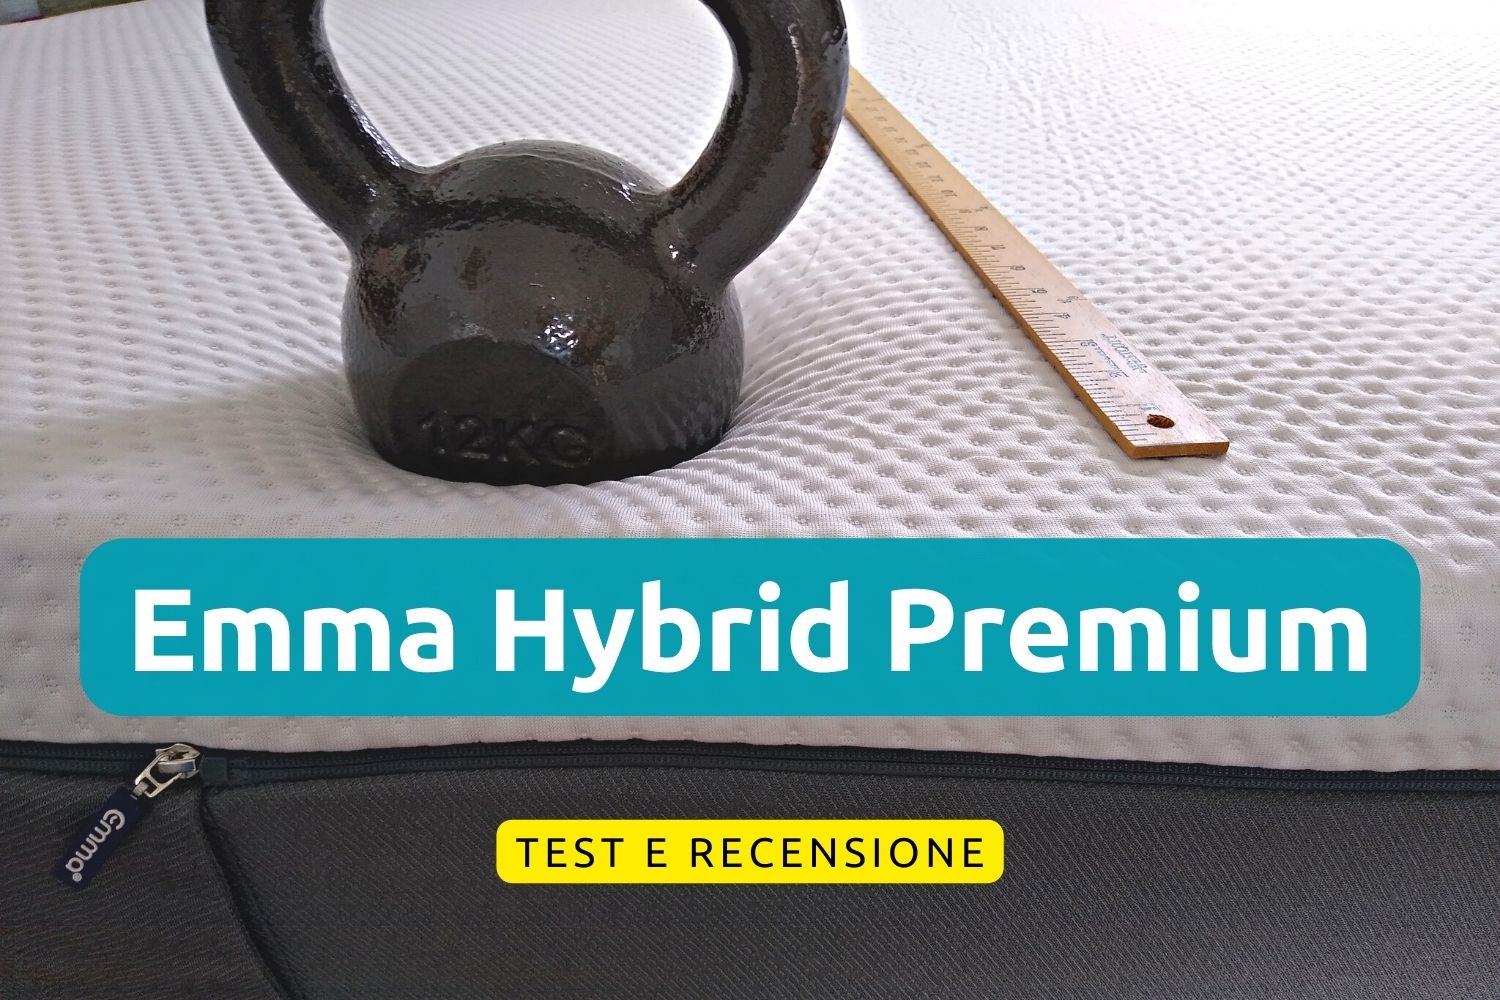 Materasso Emma Hybrid Premium, test e recensione
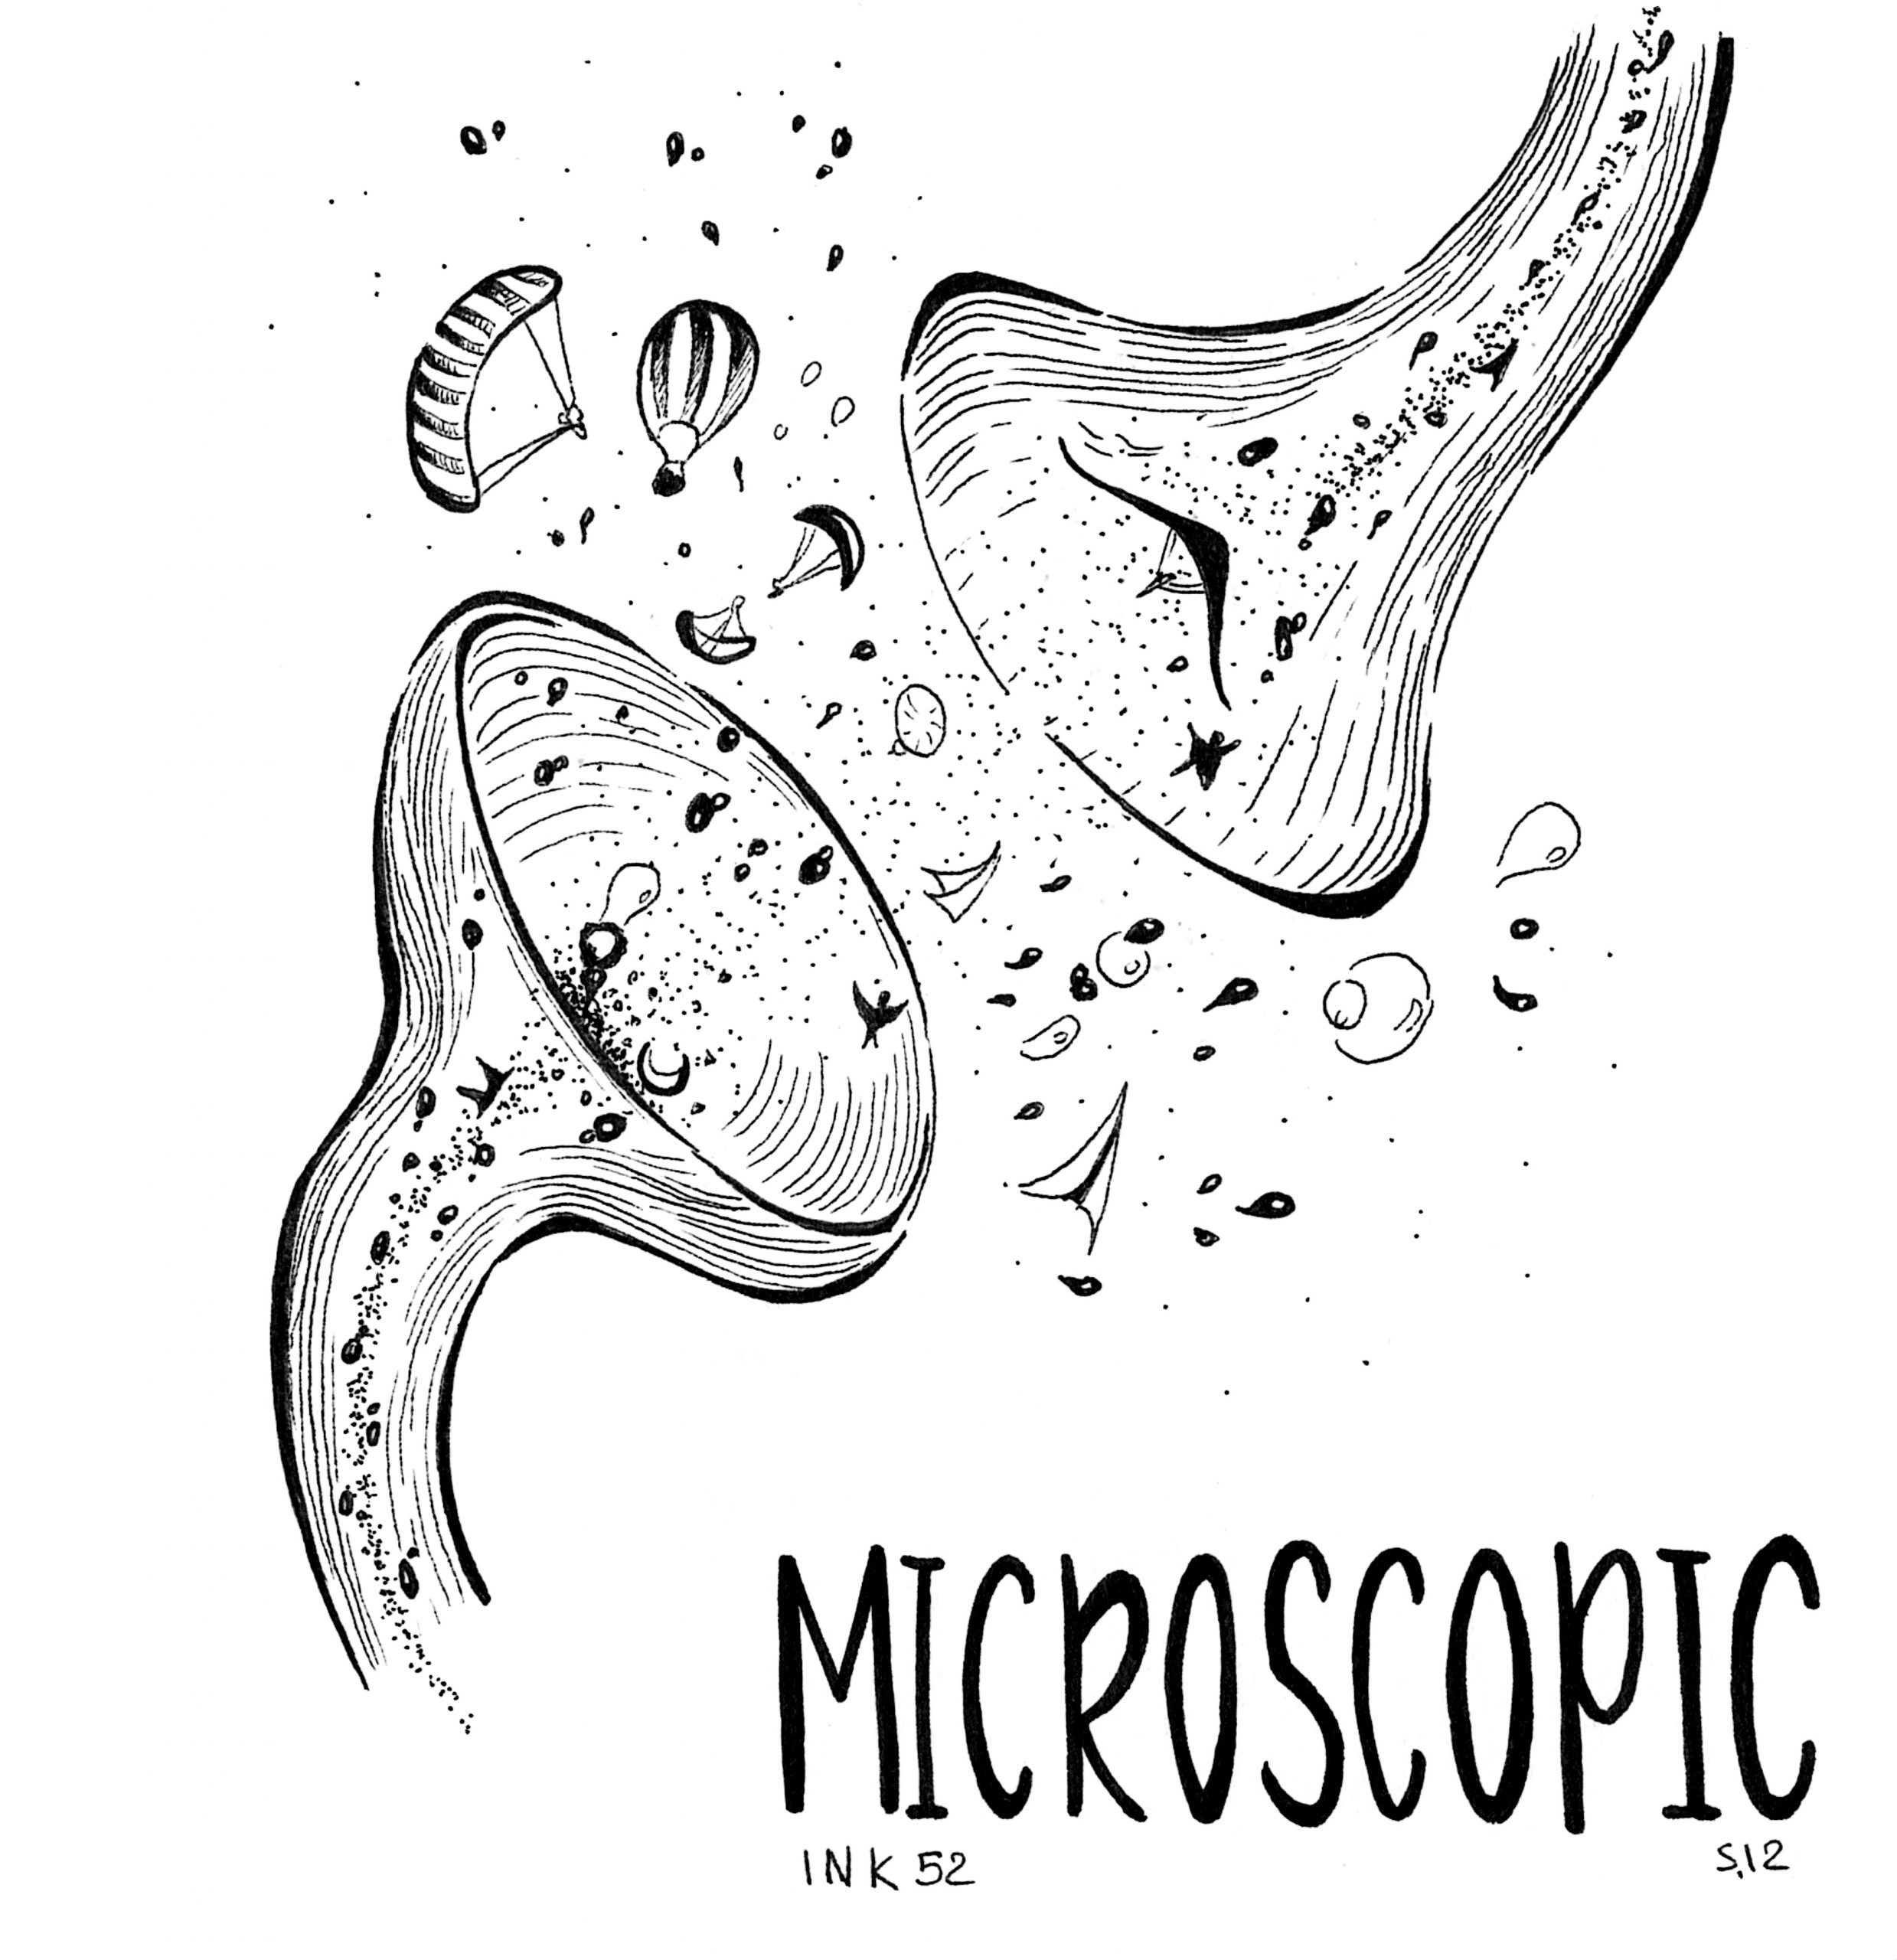 S.12 MICROSCOPIC
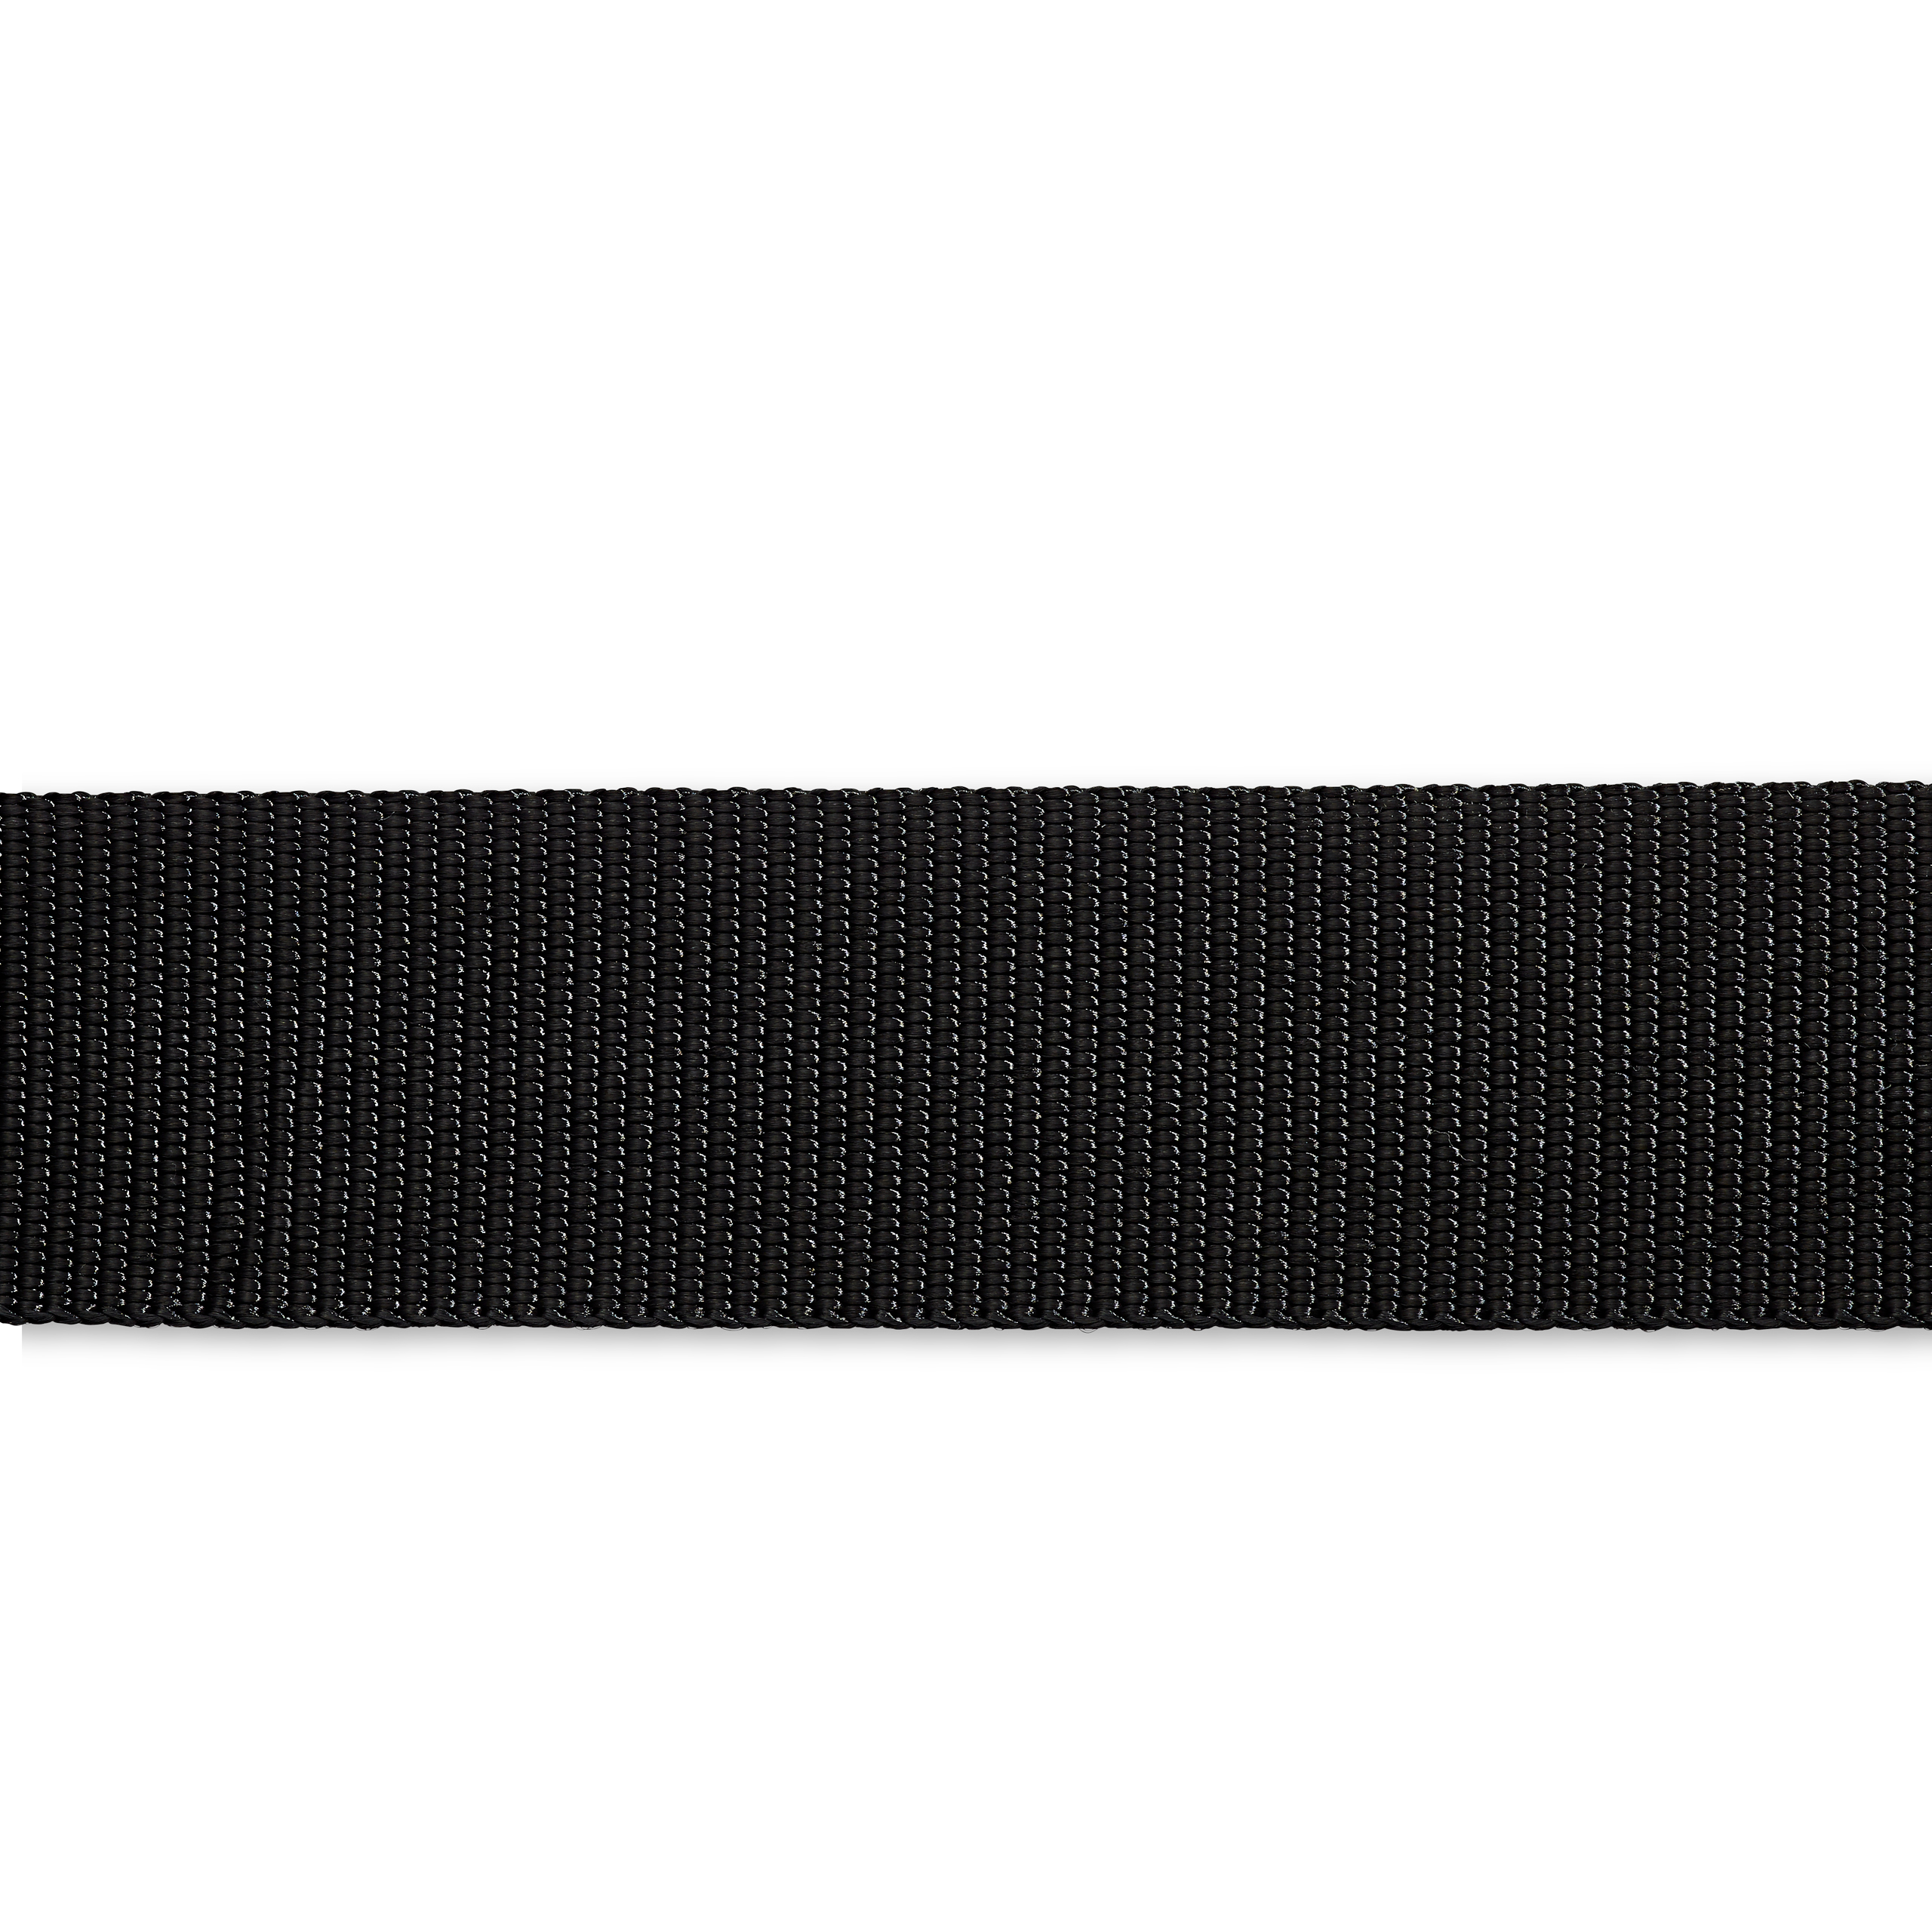 Gurtband für Rucksäcke 40 mm schwarz, Meterware

▸ **Problem to work on**: Repeat the listing exactly, minus its pictures.

▸ **Written answer**:
 Materasso Emma Hybrid Premium, test e recensione
 S.12 MICROSCOPIC
 Gurtband für Rucksäcke 40 mm schwarz, Meterware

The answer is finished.